Moyrourkan Lough is an Area of Special Scientific Interest (ASSI) in County Armagh. It is a wetland made up of open water, fen, swamp, and woodland. The lakes contain pondweed and yellow water-lily, with fens around them featuring bottle sedge, bogbean, and water horsetail. Plants such as cowbane, greater tussock-sedge, and several Sphagnum mosses are found here. The area also supports invertebrates like the water beetle Dytiscus circumcinctus, a species linked to older fen habitats now rare in Northern Ireland.

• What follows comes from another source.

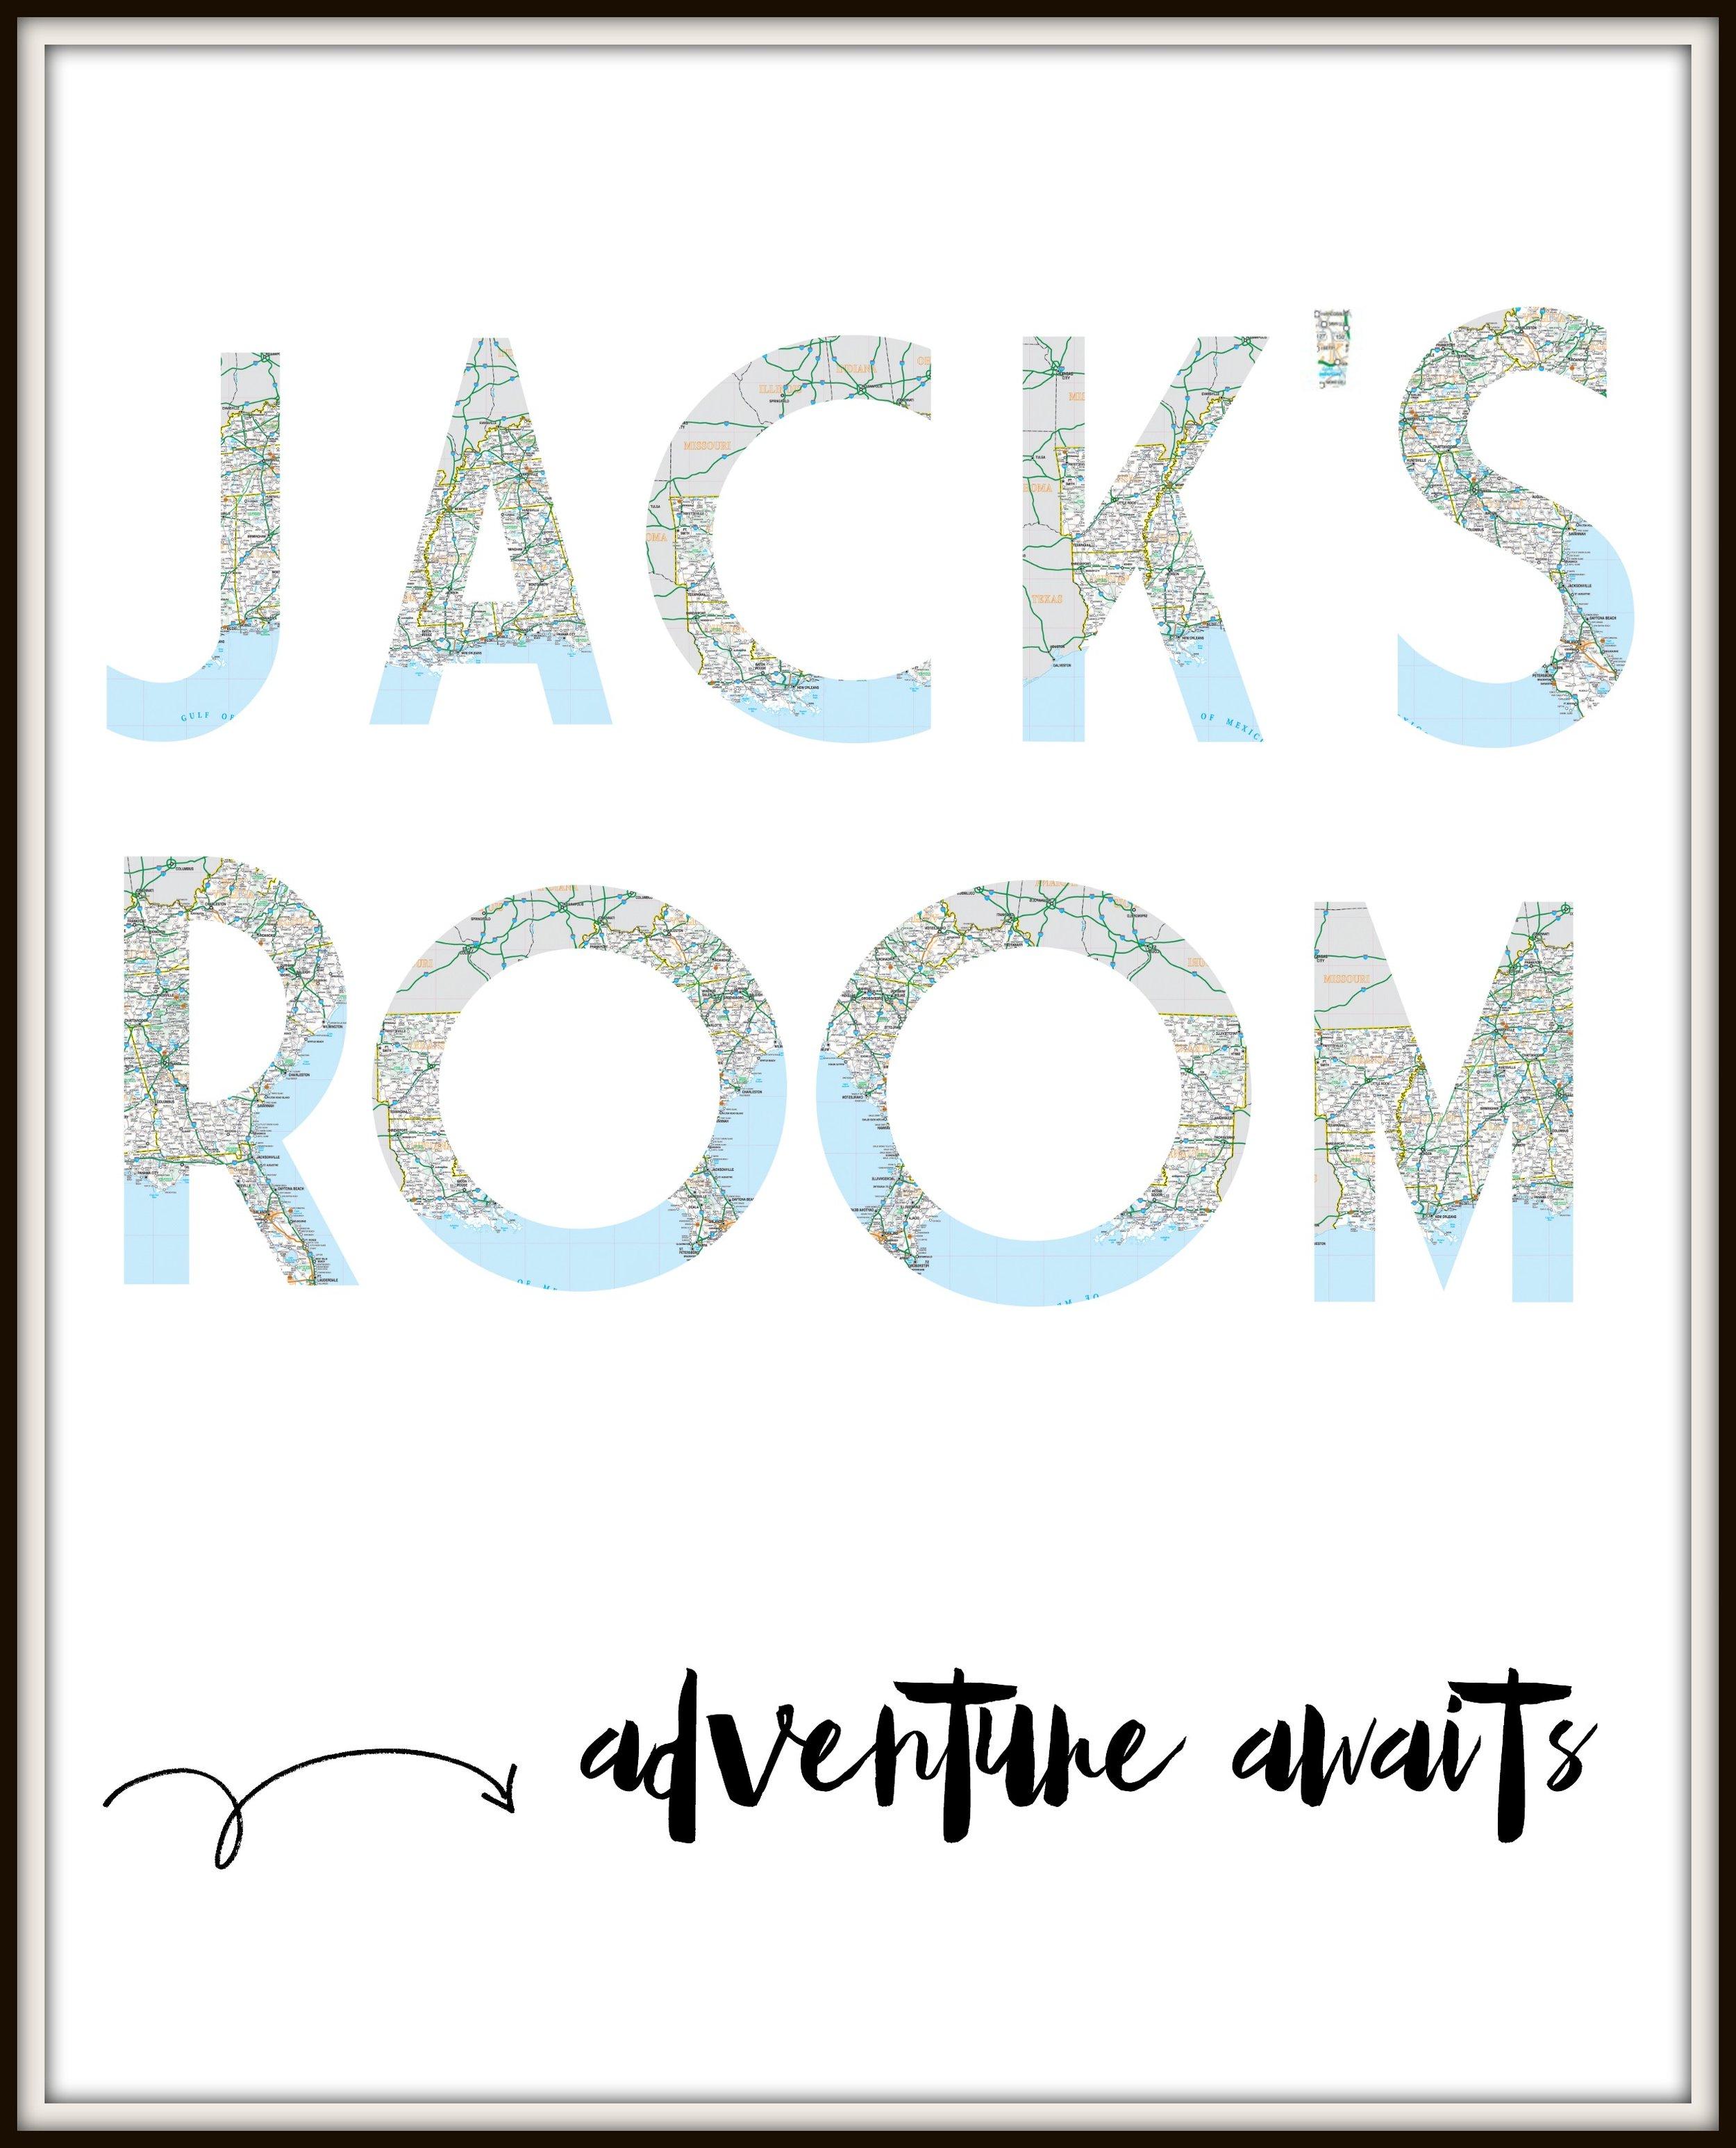 jacksroomframed

Historically, it was referenced in the 1838 Ordnance Survey Memoirs as situated two miles north east of Markethill, spanning across four townlands and rising approximately 254 feet above sea level. At that time, it was estimated to be about three quarters of a mile in length and 220 yards in width.

== Archaeology ==
There are three ringforts in Moyrourkan townland, including examples in the:

- eastern area of Moyrourkan which measures 33.5 meters from north to south and 41 meters from east to west. This ringfort has an irregular oval platform with one side significantly elevated to form a level interior.
- centre of the townland which measures 48 meters from north to south and 51 meters from east to west. This site has been altered due to enclosures and subsequent agricultural activities.
- southwestern area of Moyrourkan which is 46.5 meters from north to south and 42 meters from east to west. While the northern and southern sections of this rath are well-preserved, the eastern perimeter has been flattened and a portion of the western side has collapsed.